Monday 31 October 2011

Things That go Dead in the Night

Happy Halloween.

This post will be brief. Many people will think that it's a statement of the obvious but it's amazing how much time can be wasted on issues like this, especially in large organisations.

Sometimes we see systems behave rather strangely during performance tests and the teams managing the tests can sometimes be very inventive in their explanations of the issue. This particular issue has crossed my desk a couple of times (too many) in recent weeks and has been presented as 'a strange unexplained issue', 'file corruption', 'network issue' or 'SAN failure'.

Without building up any further mystery or invoking the supernatural, the answer was simple - the file system was allowed to become full. This can cause all sorts of interesting and varied problems to your system and the execution of any tests. In some cases it will fail completely, in others it might continue almost without anything appearing to be wrong and there are any number of variations in between these extremes.
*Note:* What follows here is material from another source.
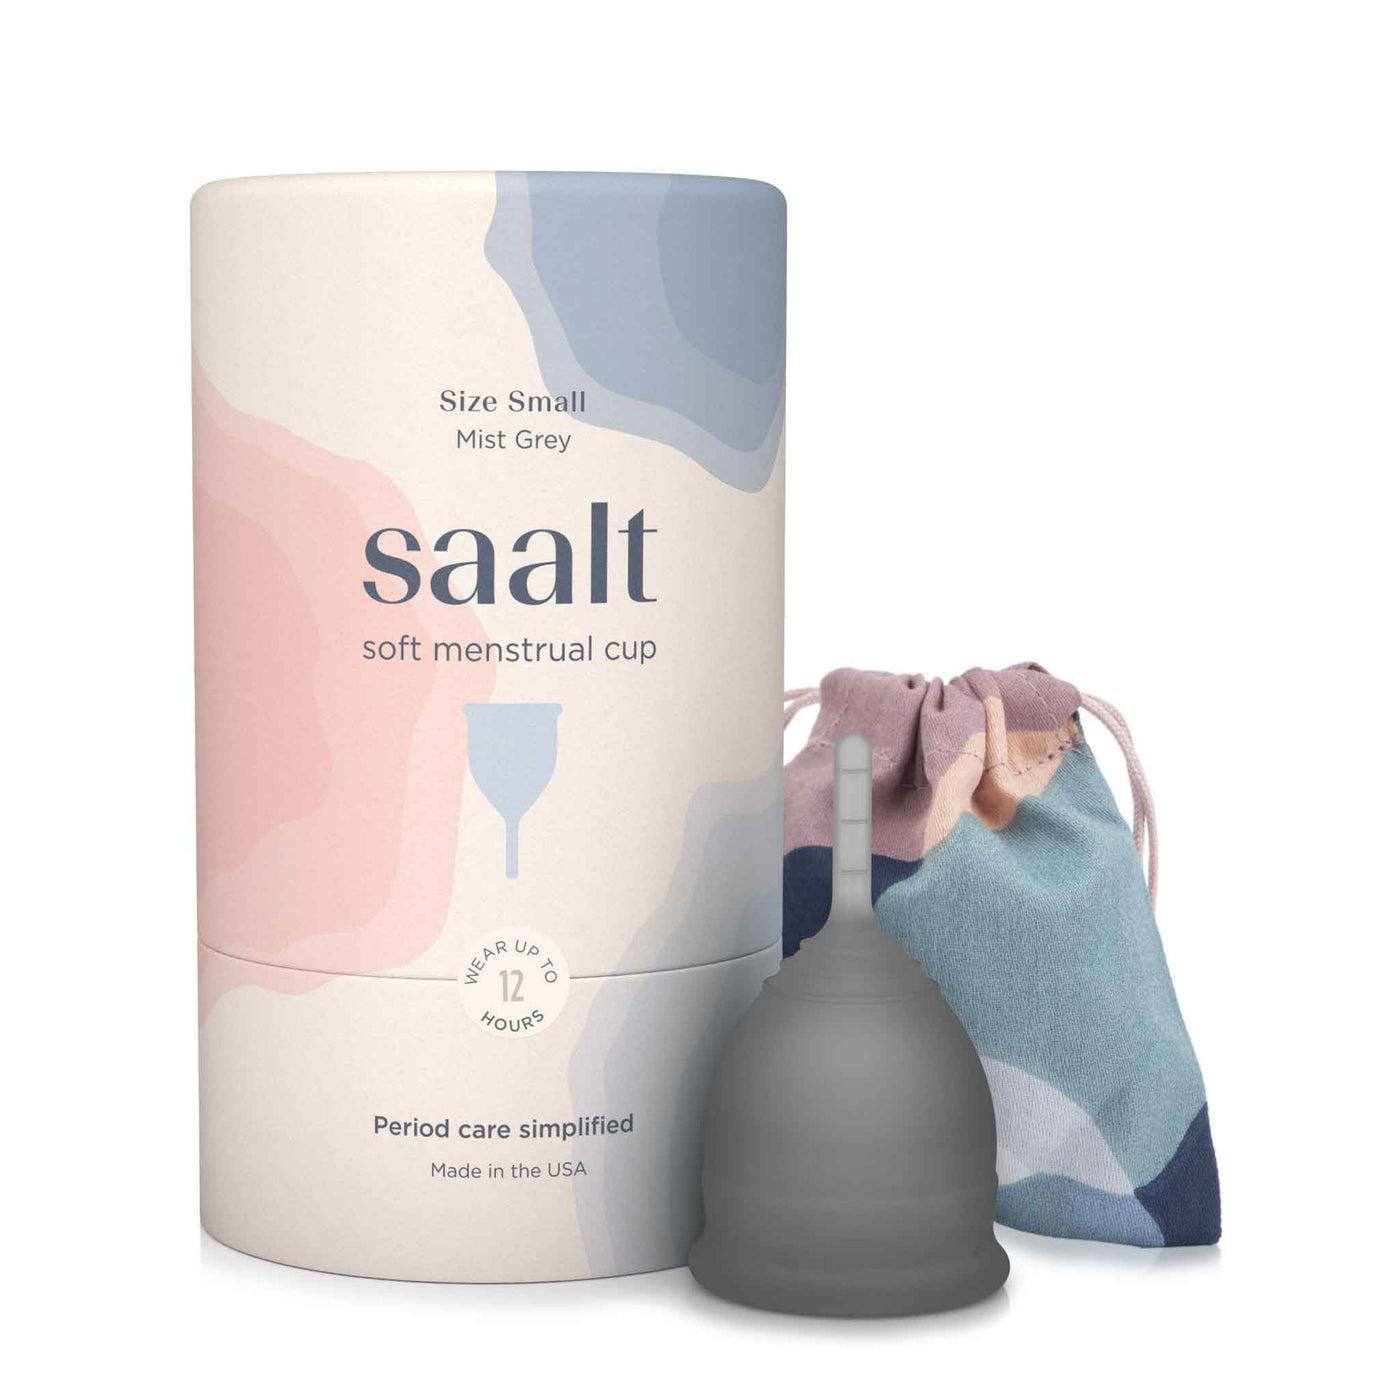 Saalt Soft Menstrual Cup - Size Small
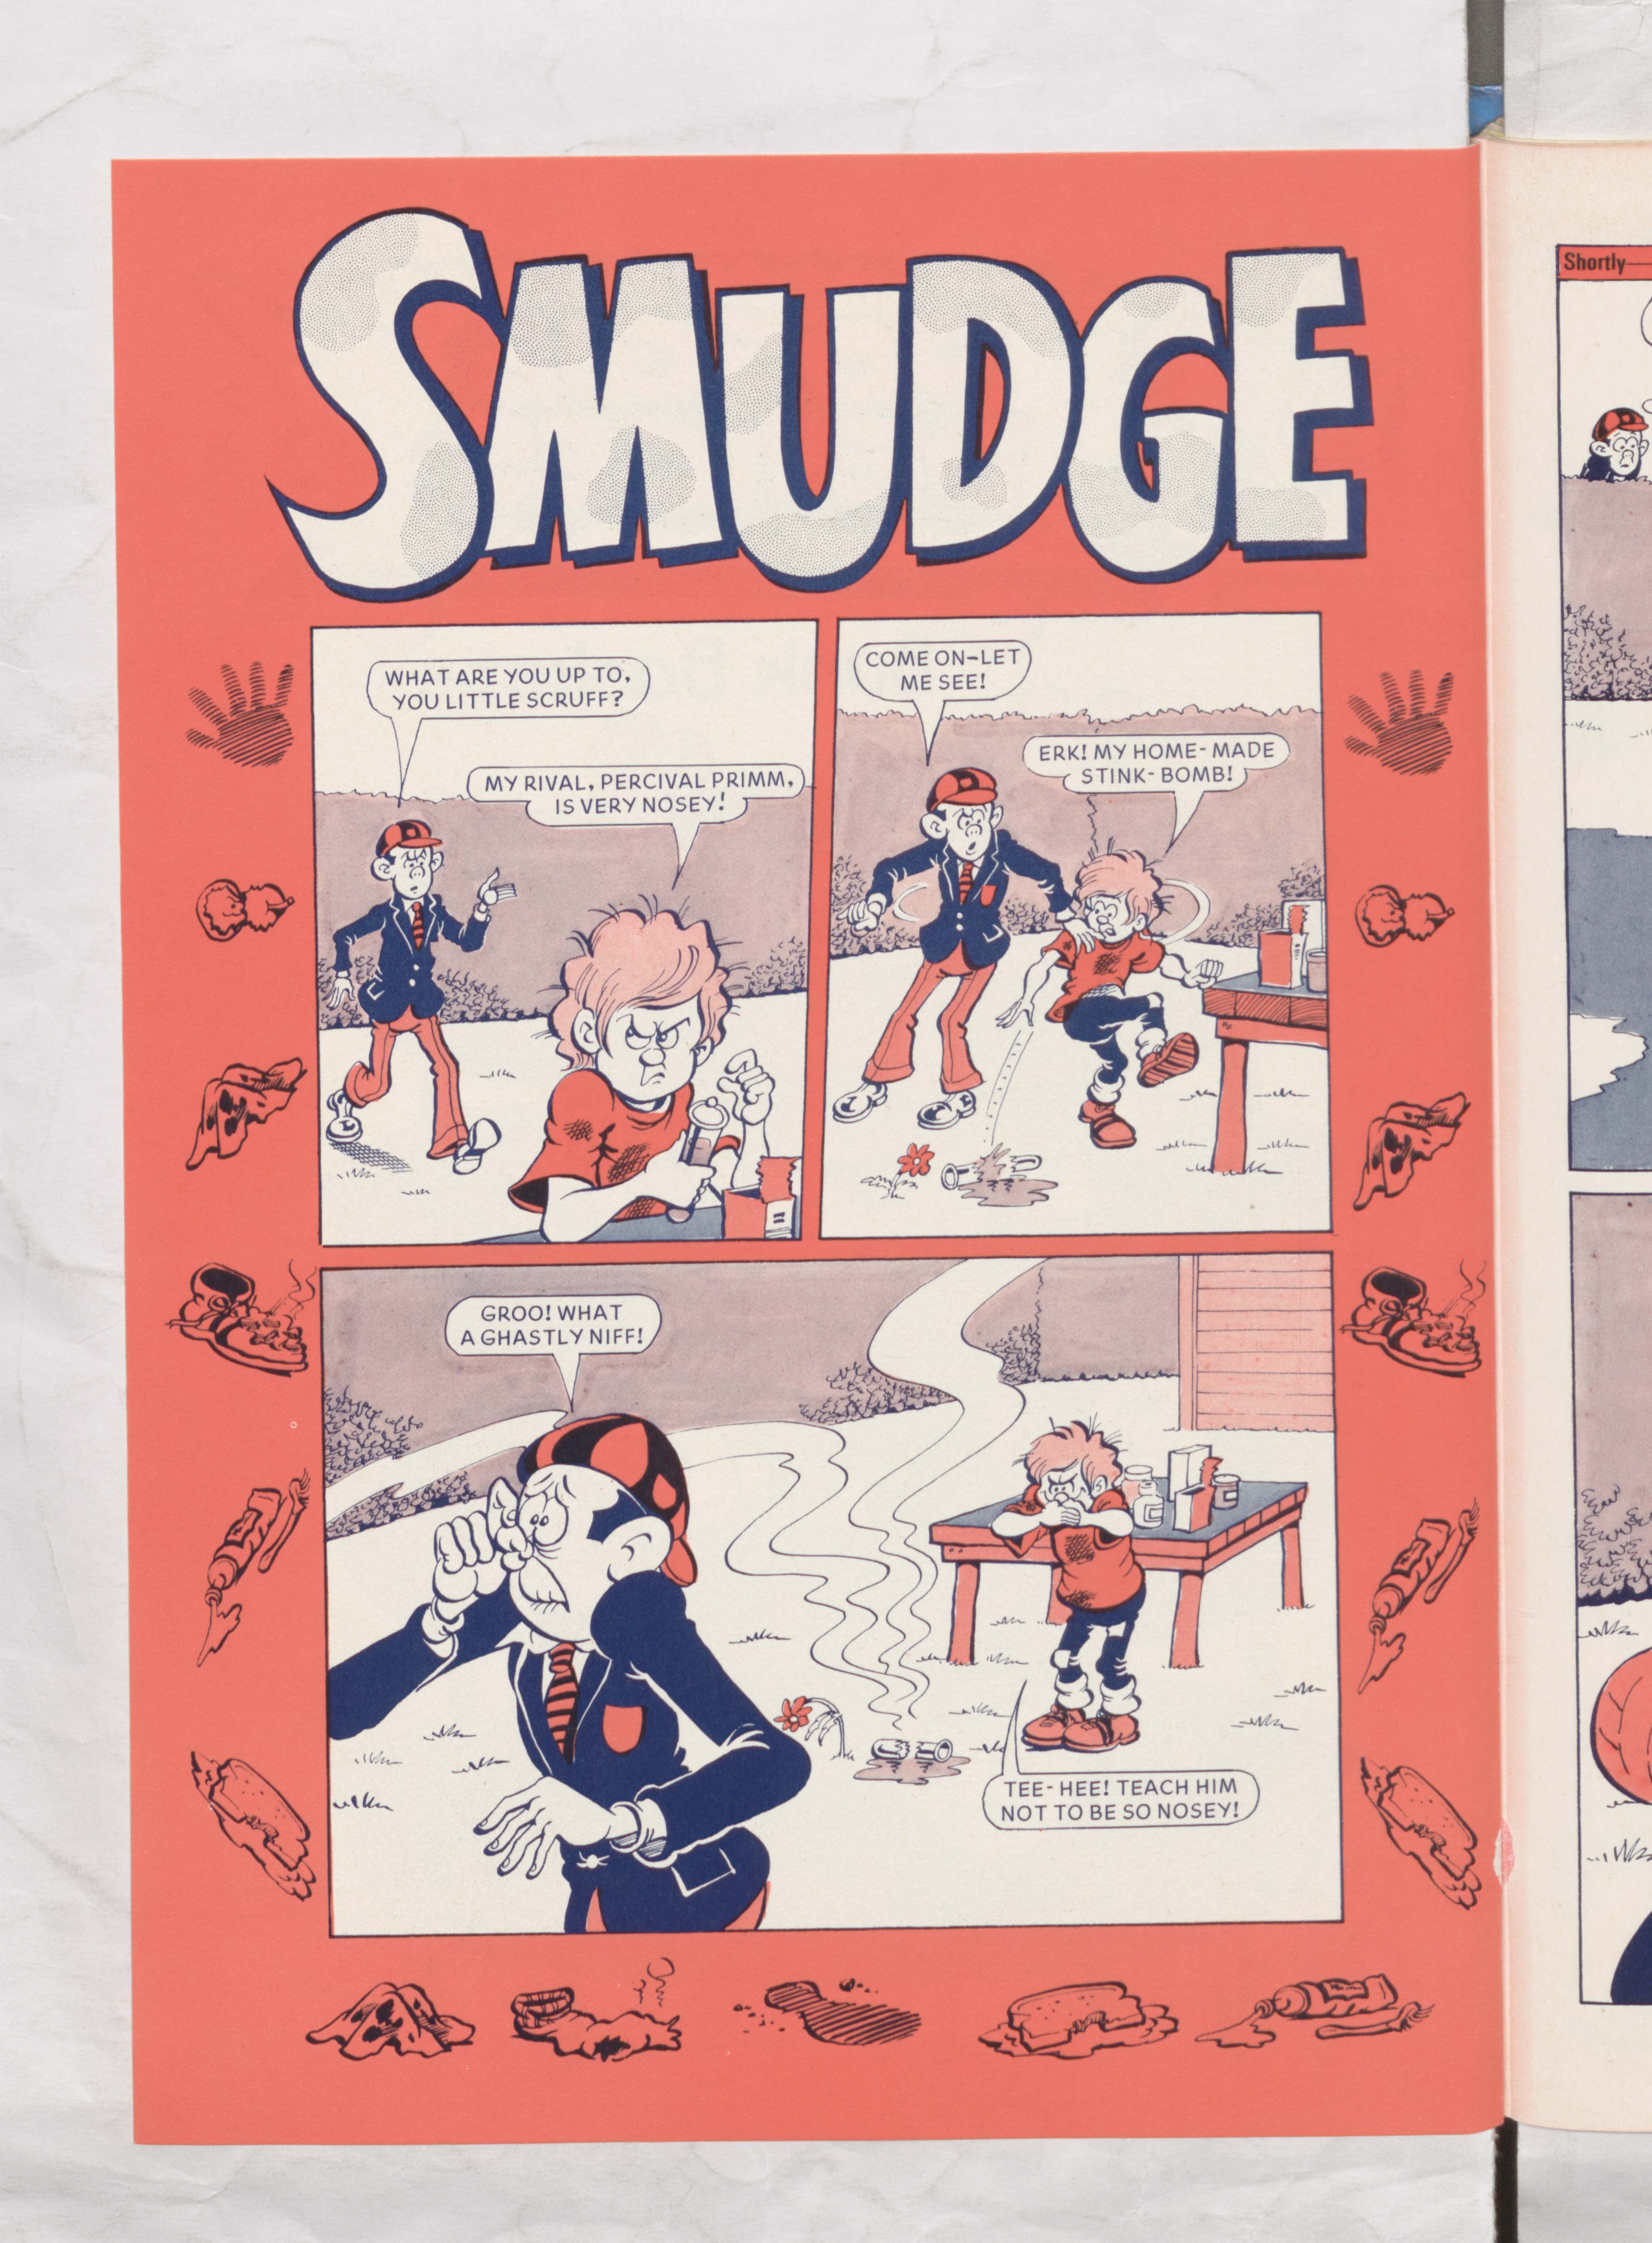 Smudge, the little scruff - Beano Book 1982 Annual

One common factor is that it is quite normal for there to be no helpful error message like 'disk full' visible because often the file system that becomes full is the one being used to write the log file. This is where the creativity comes into play - people don't see an obvious error, so their imagination gets to work.

Scheduled housekeeping and other such automated cleanup solutions can add to the fun because they can sometimes free up space before somebody notices the problem... so then people may tell you that they are certain that the disk wasn't full because it isn't full now.

So if your test goes dead in the night, either temporarily or permanently, please do check your disk space monitoring (you do monitor your disk space utilisation don't you?). Alternatively, scrutinise your log files very carefully - are there any strange 'silent' periods that should contain messages?

Don't have Nightmares.